Lunedì 3 Giugno 2024, ore 17, presso la Sala Conferenze dell’Accademia delle Scienze di Ferrara in via del Gregorio, 13 (Piazza Ariostea) a Ferrara


Sarà consentito seguire l’evento in presenza, fino a esaurimento dei posti disponibili o in collegamento streaming al seguente link: https://youtube.com/live/Swn3Bz6Cuws?feature=share


La seduta è aperta a tutta la cittadinanza interessata all’evento


  • Saluto del Presidente dell’Accademia delle Scienze di Ferrara, Prof. PIER ANDREA BOREA (Professore Onorario dell’Università di Ferrara)
  • Il relatore sarà presentato dal Prof. FILIPPO FRONTERA (Professore Emerito dell’Università di Ferrara, Astrofisico e Commendatore dell’ordine al merito della Repubblica Italiana), la seduta sarà tenuta dal PROF. GIANNI ZAMORANI (Astronomo ordinario at INAF Bologna Astronomical Observatory, Director of the INAF Bologna Astronomical Observatory. Presently: Associate Researcher at INAF-OAS Bologna, Accademico dei Lincei) che svolgerà una relazione sul tema: Il Telescopio Spaziale James Webb: una rivoluzione dal sistema solare alle galassie più lontane.
  • Sarà inoltre conferita, al socio onorario Prof. Gianni Zamorani, la medaglia del Nummus Aureus per i riconoscimenti accademici.

Abstract

Il telescopio spaziale James Webb è stato lanciato il giorno di Natale del 2021. Con il suo specchio di 6 metri di diametro (circa 2,5 volte il diametro del telescopio spaziale Hubble) e con la sua sensibilità in un intervallo di lunghezze d’onda diverso da quello di Hubble (nell’infrarosso invece che nel visibile) il telescopio James Webb sta ottenendo dati rivoluzionari per tutti i campi dell’astronomia, dagli oggetti più vicini, come i pianeti del sistema solare, fino alle galassie più lontane, mai viste prima, quando l’Universo, che oggi ha un’età di 13,7 miliardi di anni, era nella sua infanzia (circa 400 milioni di anni).

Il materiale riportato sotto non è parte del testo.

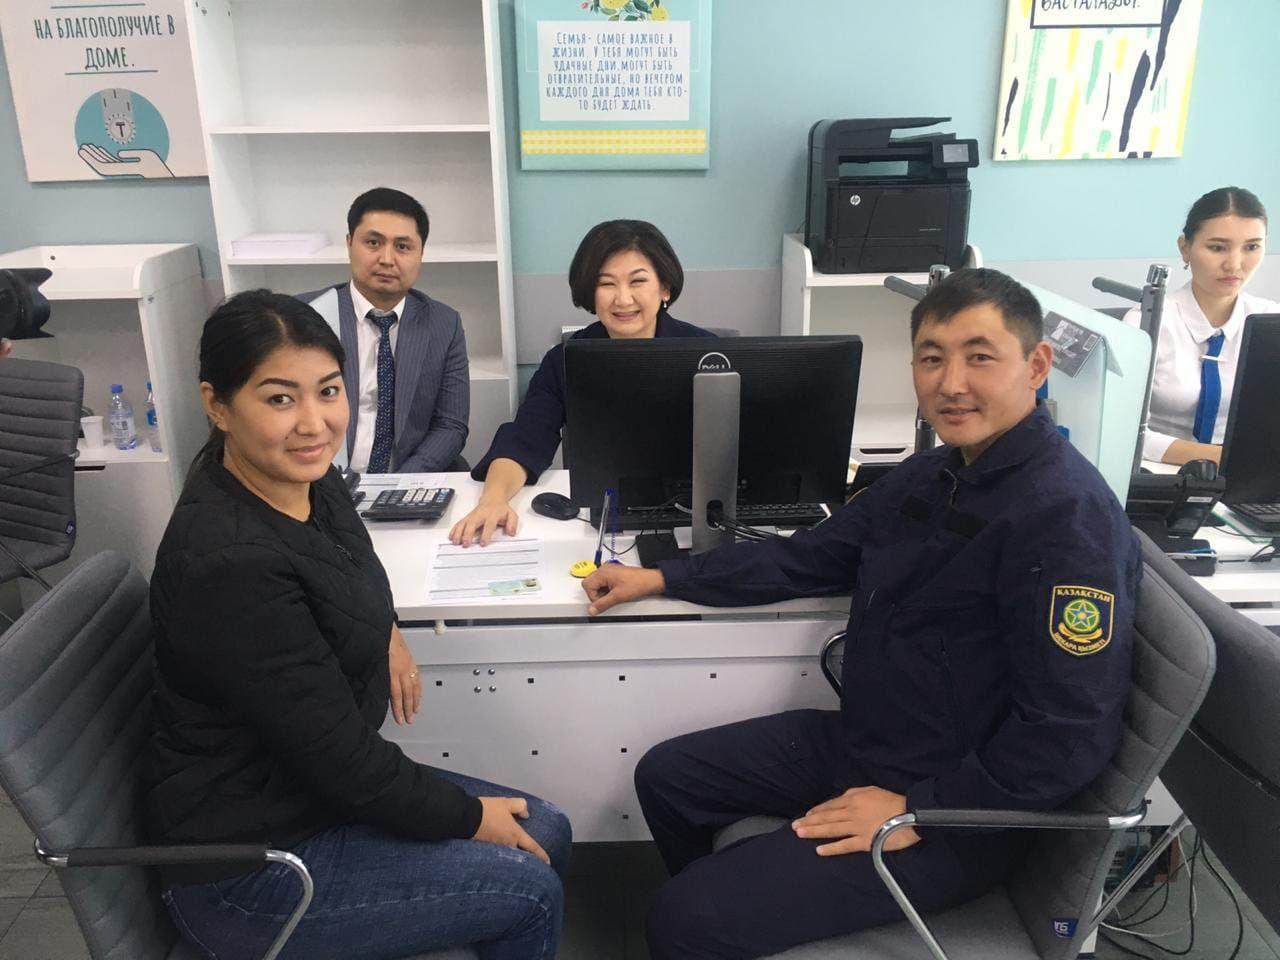 Японский подход казахстанского менеджмента- Kapital.kz

In questa conferenza presenterò brevemente qualcuno dei risultati più interessanti ottenuti da James Webb fino ad oggi, mostrando come, in qualche caso, questi dati stiano portando gli astronomi a rivedere in modo significativo idee e modelli che prima del lancio di James Webb sembravano invece ben consolidati.